A speech coding apparatus comprises a repetition period pre-selecting unit for generating a plurality of candidates for the repetition period of a driving excitation source by multiplying the repetition period of an adaptive excitation source by a plurality of constant numbers, respectively, and for pre-selecting a predetermined number of candidates from all the candidates generated. A driving excitation source coding unit provides both excitation source location information and excitation source polarity information that minimize a coding distortion, for each of the predetermined number of candidates, and provides an evaluation value associated with the minimum coding distortion for each of the predetermined number of candidates. A repetition period coding unit compares the evaluation values provided for the predetermined number of candidates with one another, selects one candidate from the predetermined number of candidates according to the comparison result, and furnishes selection information indicating the selection result, excitation source location code, and polarity code.

Patent Claims

14 claims

Legal claims defining the scope of protection, as filed with the USPTO.

1. A speech coding apparatus for coding an input speech on a frame-by-frame basis using an adaptive excitation source, which is generated from a past excitation source, and a driving excitation source, which is generated from the input speech and the adaptive excitation source, so as to generate speech code, said speech coding apparatus comprising: a repetition period pre-selecting means for generating a plurality of candidates for a repetition period of the driving excitation source by multiplying a repetition period of the adaptive excitation source by a plurality of constant numbers, respectively, and for pre-selecting a predetermined number of candidates from all the candidates generated and furnishing the predetermined number of pre-selected candidates; a driving excitation source coding means for providing both excitation source location information and excitation source polarity information that minimize a coding distortion, for each of the predetermined number of candidates for the repetition period of the driving excitation source, and for providing an evaluation value associated with the minimum coding distortion for each of the predetermined number of candidates; and a repetition period coding means for comparing the evaluation values provided for the predetermined number of candidates for the repetition period of the driving excitation source from said driving excitation source coding means with one another, for selecting one candidate from the predetermined number of candidates according to a comparison result, and for furnishing selection information indicating a selection result, excitation source location code indicating excitation source location information associated with the selected candidate for the repetition period of the driving excitation source, and polarity code indicating excitation source polarity information associated with the selected candidate.
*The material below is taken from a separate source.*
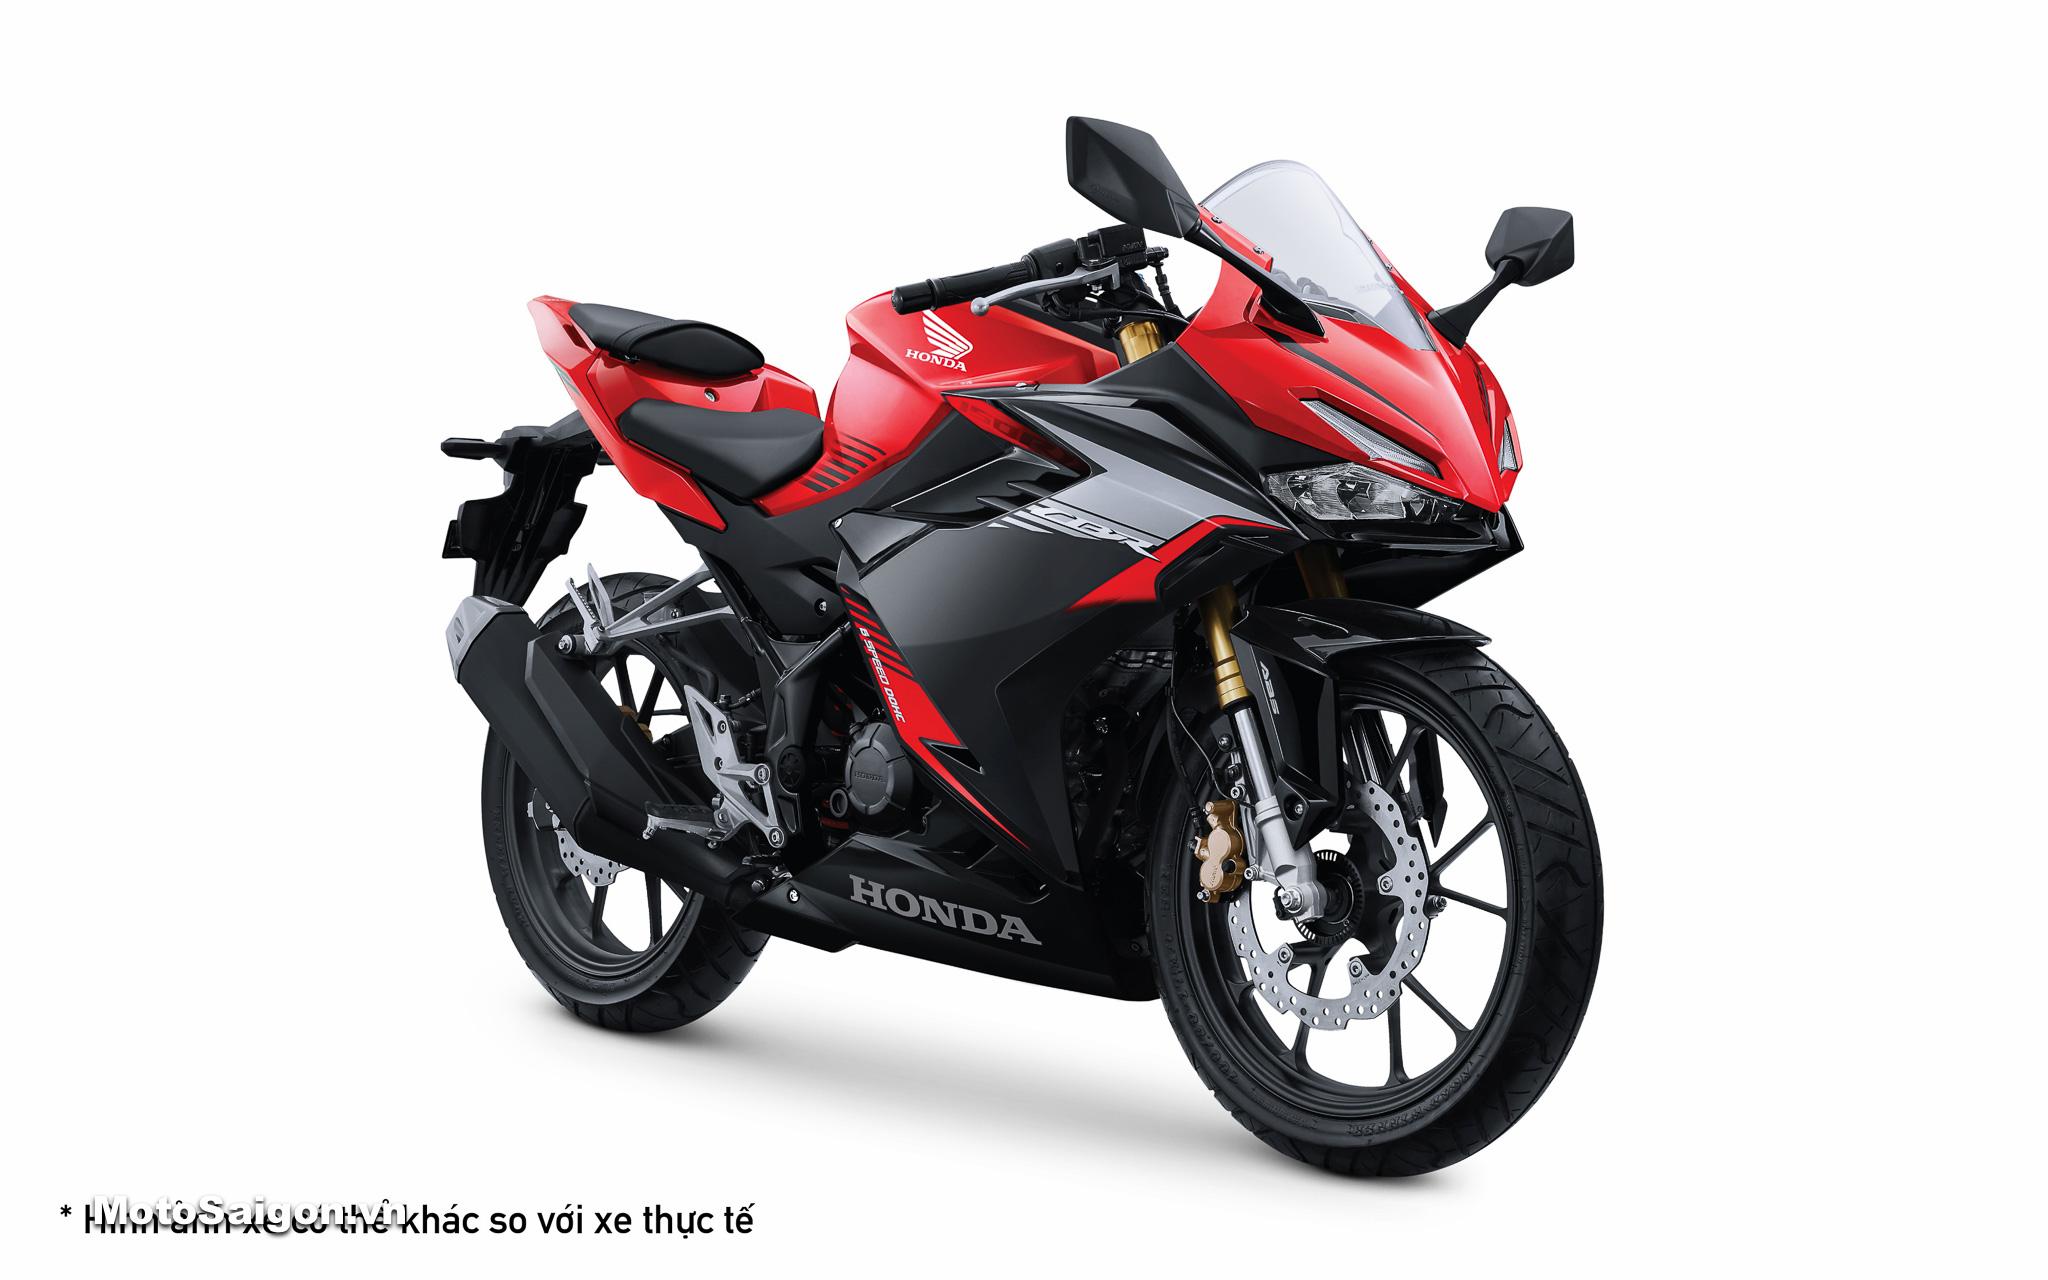 Honda CBR150R tiêu chuẩn

2. The speech coding apparatus according to claim 1 , wherein said repetition period pre-selecting means pre-selects two candidates from all the candidates generated, and said repetition period coding means encodes the selection result in one bit so as to generate 1-bit selection information.

3. The speech coding apparatus according to claim 1 , wherein said repetition period pre-selecting means includes a means for comparing the repetition period of the adaptive excitation source with a predetermined threshold value, and for pre-selecting the predetermined number of candidates from all the candidates generated according to a comparison result.
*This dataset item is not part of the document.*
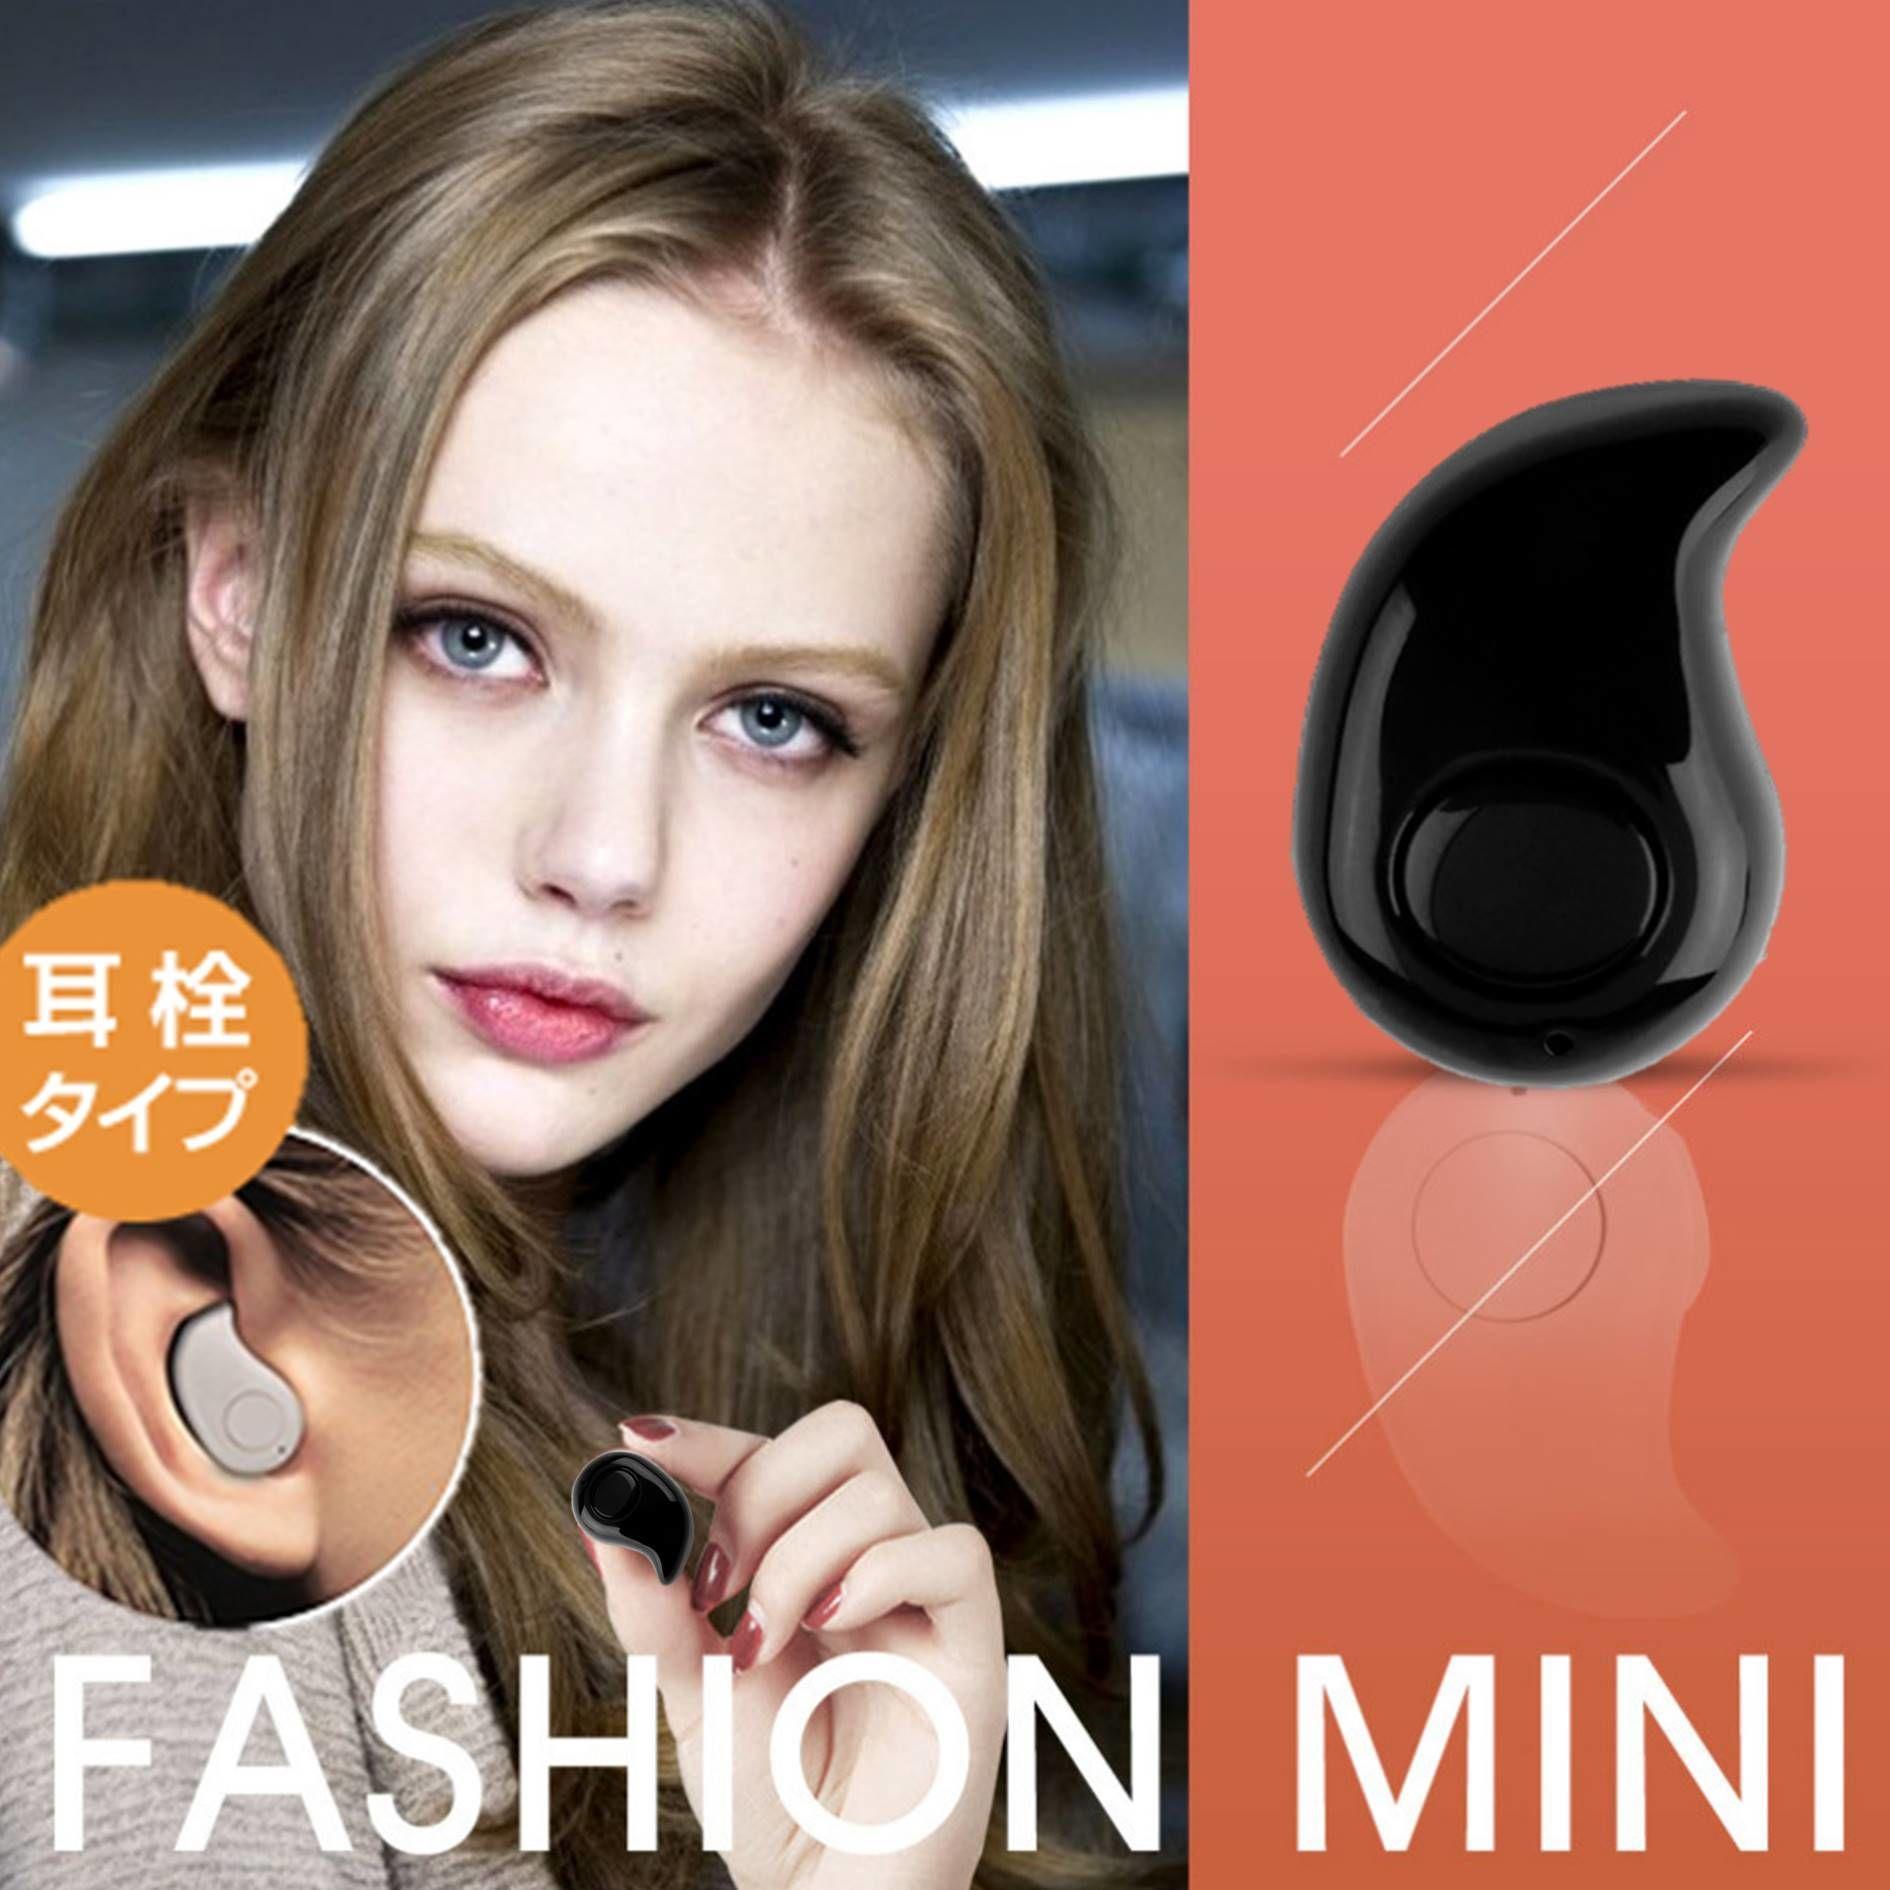 【Michelle Noel】ミニワイヤレス イヤホン/ヘッドホン Bluetooth4.0  マイク付きハンズフリーヘッドセット

4. The speech coding apparatus according to claim 1 , wherein said repetition period pre-selecting means includes a means for generating a plurality of other adaptive excitation sources whose respective repetition periods equal to the plurality of candidates for the repetition period of the driving excitation source, respectively, and for pre-selecting the predetermined number of candidates from all the candidates generated according to a comparison between distances among the plurality of other adaptive excitation sources generated.

5. The speech coding apparatus according to claim 1 , wherein said plurality of constant numbers, by which the repetition period of the adaptive excitation source is multiplied, includes ½ and 1.

6. A speech decoding apparatus for decoding input speech code on a frame-by-frame basis using an adaptive excitation source, which is generated from a past excitation source, and a driving excitation source, which is generated from the input speech code and the adaptive excitation source, so as to reconstruct original speech, said speech decoding apparatus comprising: a repetition period pre-selecting means for providing a plurality of candidates for a repetition period of the driving excitation source by multiplying a repetition period of the adaptive excitation source by a plurality of constant numbers respectively, and for pre-selecting a predetermined number of candidates from all the candidates generated and furnishing the predetermined number of pre-selected candidates; a repetition period decoding means for selecting one candidate from the predetermined number of pre-selected candidates for the repetition period of the driving excitation source from said repetition period pre-selecting means according to selection information included in said input coded speech and indicating the selection, and for furnishing the selected candidate as the repetition period of the driving excitation source; and a driving excitation source decoding means for generating a time-series signal according to excitation source location code and excitation source polarity code included in the input speech code, and for generating a time-series vector that is a series of pitch-cycles, each of which includes the time-series signal, using the repetition period of the driving excitation source from said repetition period decoding means.

7. The speech decoding apparatus according to claim 6 , wherein said repetition period pre-selecting means pre-selects two candidates from all the candidates generated, and said repetition period decoding means decodes selection information coded in one bit, which is included in the input speech code and indicates a selection of a candidate for the repetition period of the adaptive excitation source made during coding.

8. The speech decoding apparatus according to claim 6 , wherein said repetition period pre-selecting means includes a means for comparing the repetition period of the adaptive excitation source with a predetermined threshold value, and for pre-selecting the predetermined number of candidates from all the candidates generated according to a comparison result.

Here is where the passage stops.